I recommend you first read this intro to reactive programming. If you have more time, you should also watch this talk by Conal Elliot on functional reactive programming. Lastly, here's an intro to reactive programming using streams.

An autorun is a runner that executes a callback whenever data dependencies of that callback change. Think of it like Webpack in "watch mode". Whenever an imported file changes, Webpack automatically rebuilds the bundle. In this analogy, the autorun is Webpack, the callback is the build process, and the data dependencies are the files.

To create an autorun, you pass a callback. When the autorun is created, the callback is run immediately. During execution, dependencies are tracked by the autorun. Whenever a dependency changes, the autorun is notified and the callback is rerun.

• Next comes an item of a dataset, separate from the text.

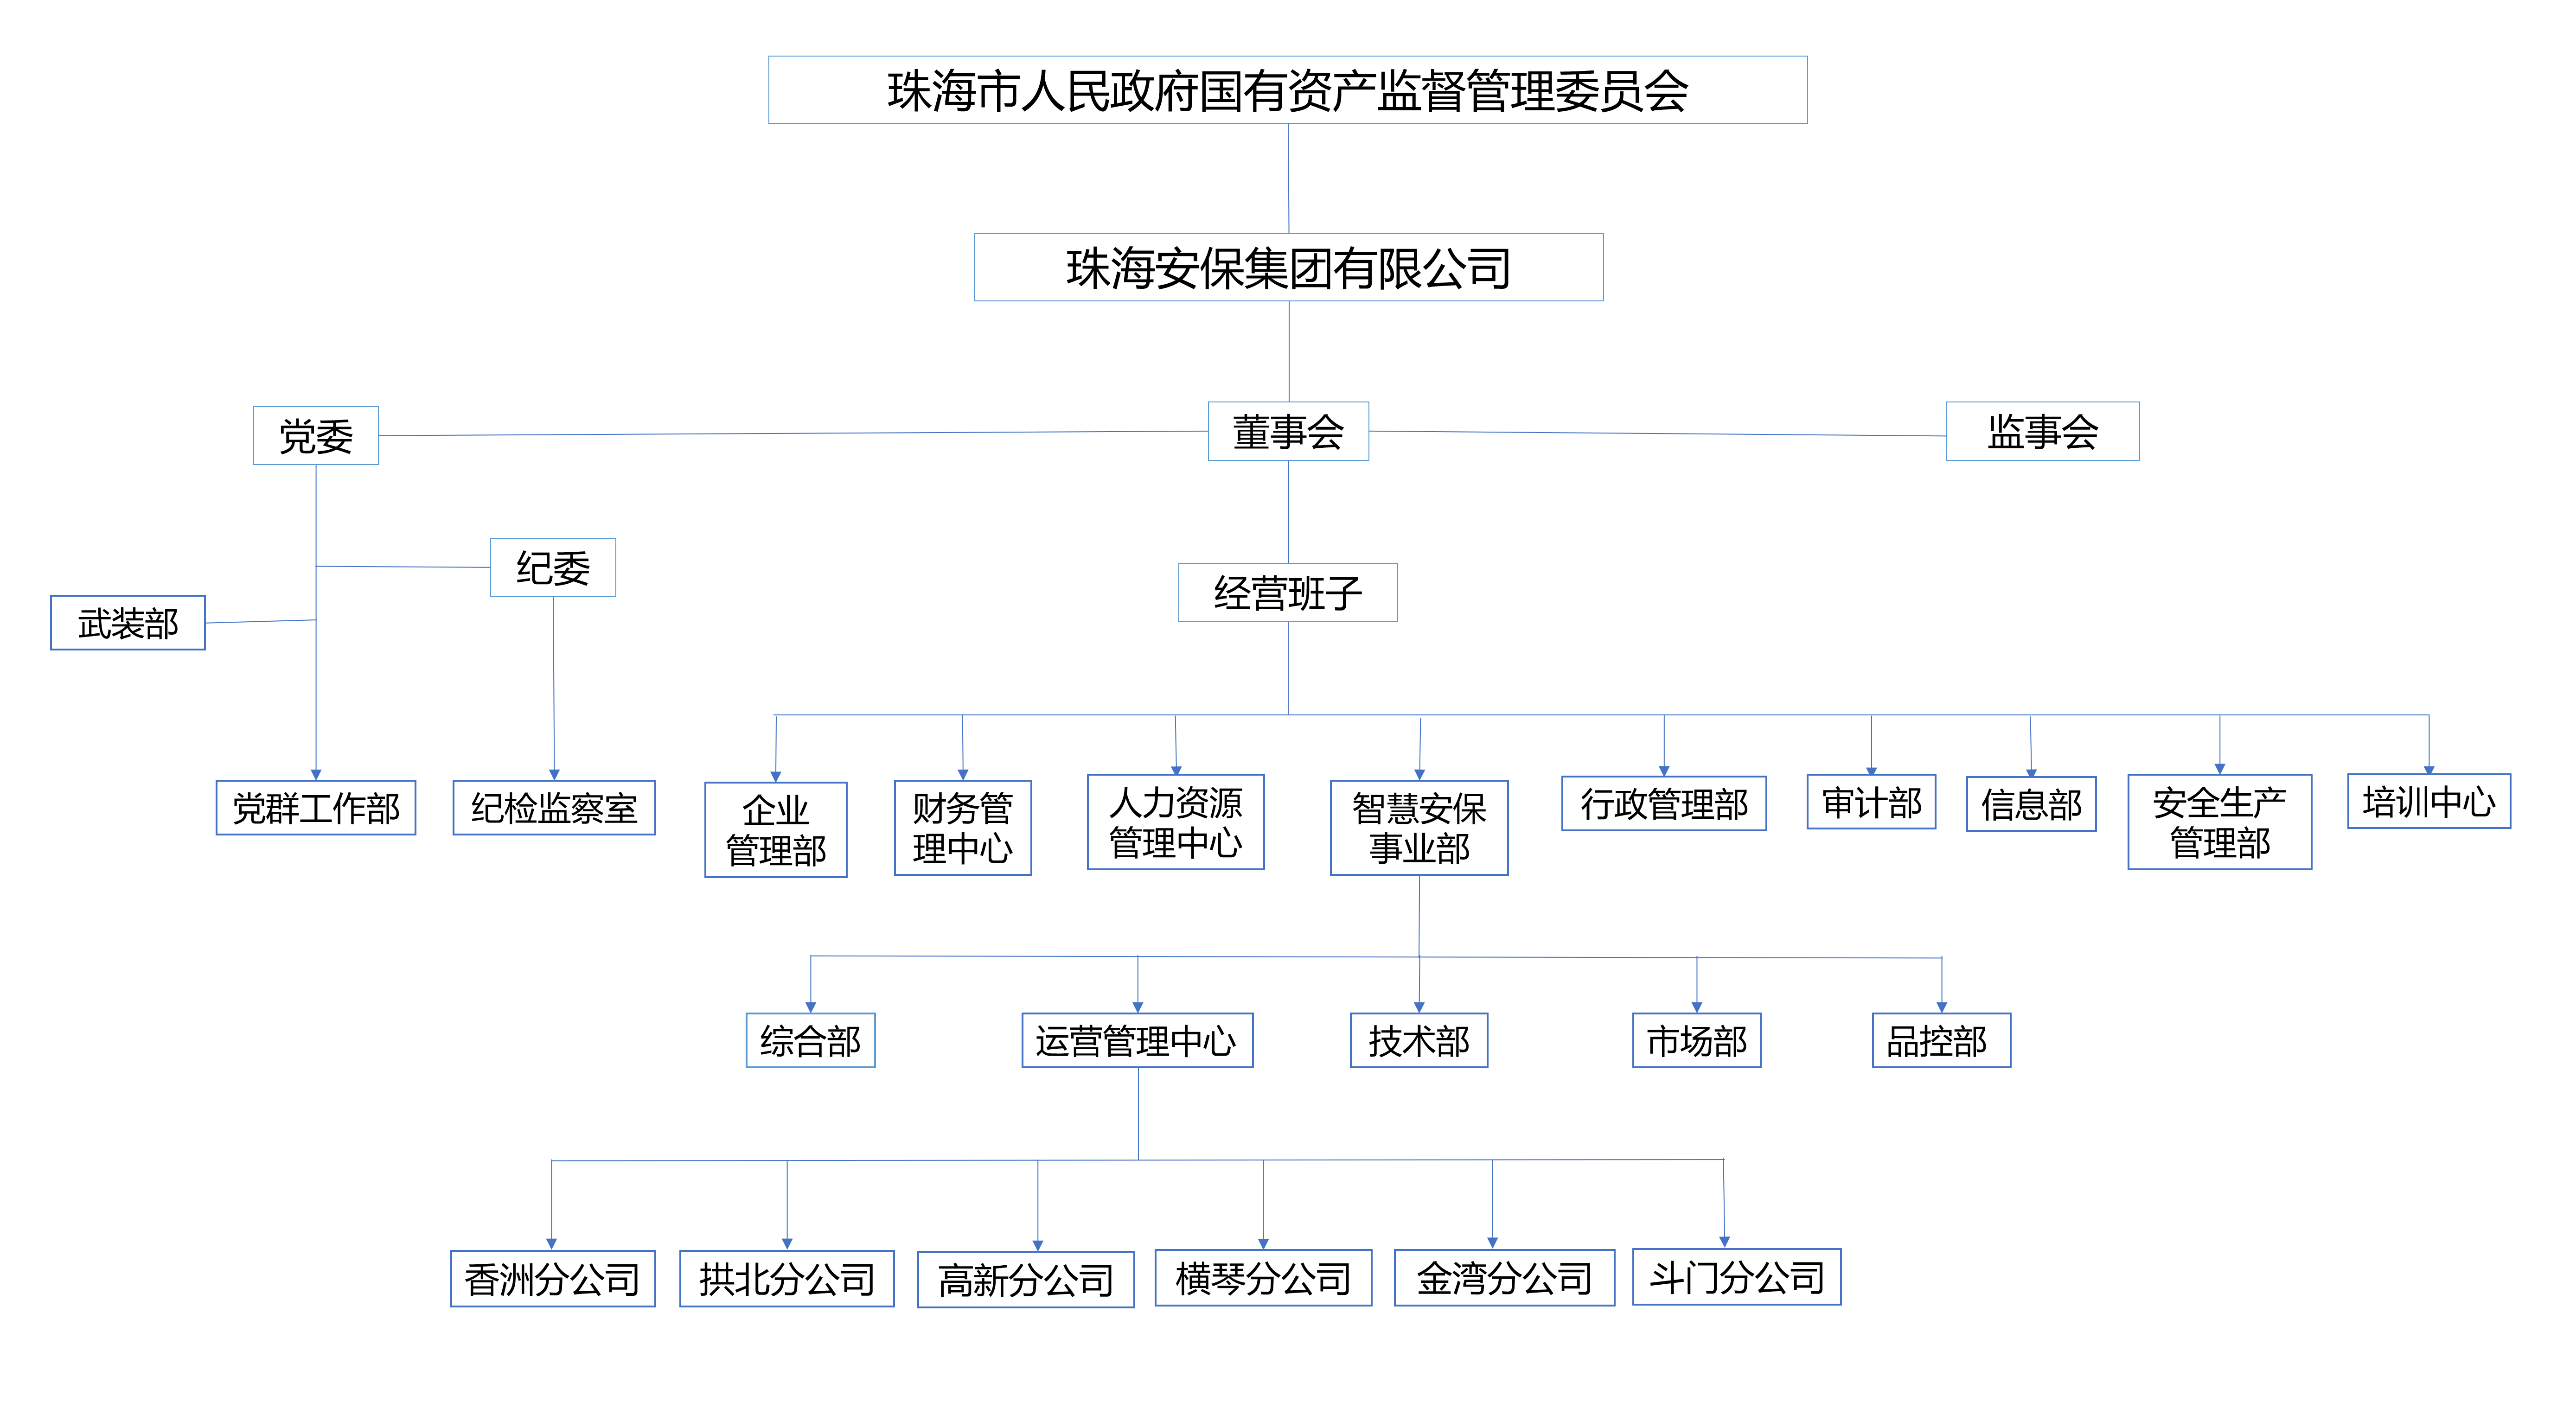 凯发注册手机版官网集团有限公司组织架构图_01.png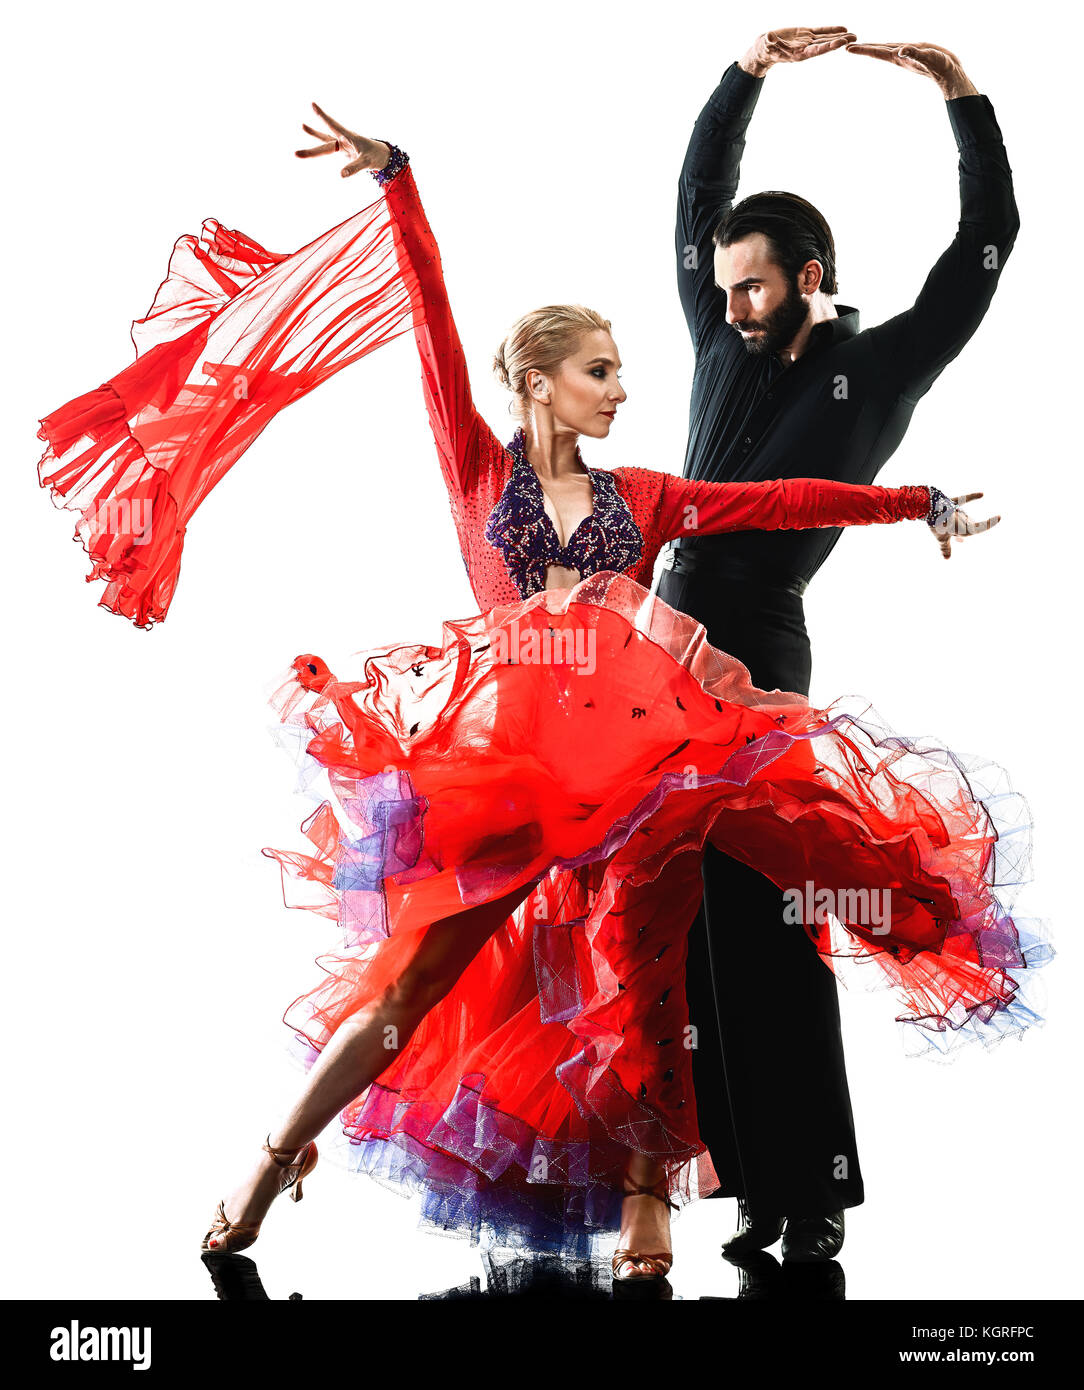 Un uomo caucasico e donna giovane sala da ballo tango ballerini di salsa dancing in studio silhouette isolati su sfondo bianco Foto Stock

It's important to note that the dependency object doesn't store any data itself. It's job is to let autoruns know when a piece of data is being depended on, and when it's time to rerun because the data changed. It doesn't manage the data itself.

Autoruns don't return values, they set them.

A simple example

import { Autorun, Dependency } from 'redone';
 
let colorDep = new Dependency();
let color = 'blue';
 
function getColor() {
  colorDep.depend();
  return color;
}
 
function setColor(value) {
  if (color !== value) {
    color = value;
    colorDep.changed();
  }
}
 
let autorun = Autorun.start(() => {
  console.log(getColor());
});
// "blue"
 
setColor('red');
// "red"
 
autorun.dispose();
setColor('green');
// (nothing printed)

Forked computations

Once you're inside an autorun, you have access to a computation object. This object can be used spin off child autoruns (called forks) or string together multiple segments of an async computation. A fork is like a forked process. It reruns by itself, but its lifecycle is attached to the parent. If the parent is cleaned up, the fork is cleaned up as well.

import { Autorun, Dependency } from 'redone';
 
let dep1 = new Dependency();
let dep2 = new Dependency();
let dep3 = new Dependency();
 
let autorun = Autorun.start(comp => {
  dep1.depend();
  console.log('run comp');
 
  comp.fork(childComp => {
    dep2.depend();
    console.log('run child comp');
 
    childComp.fork(() => {
      dep3.depend();
      console.log('run grandchild comp');
    });
  });
});
// "run comp"
// "run child comp"
// "run grandchild comp"
 
dep3.changed();
// "run grandchild comp"
 
dep2.changed();
// "run child comp"
// "run grandchild comp"
 
dep1.changed();
// "run comp"
// "run child comp"
// "run grandchild comp"
 
autorun.dispose();
dep3.changed();
// (nothing printed)
dep2.changed();
// (nothing printed)
dep1.changed();
// (nothing printed)

Async computations

With async computations, continuations are automatically skipped once a computation is rerun. This ensures that you never have an earlier async computation overwrite the results of a rerun in the event that the first run takes longer to resolve than the second.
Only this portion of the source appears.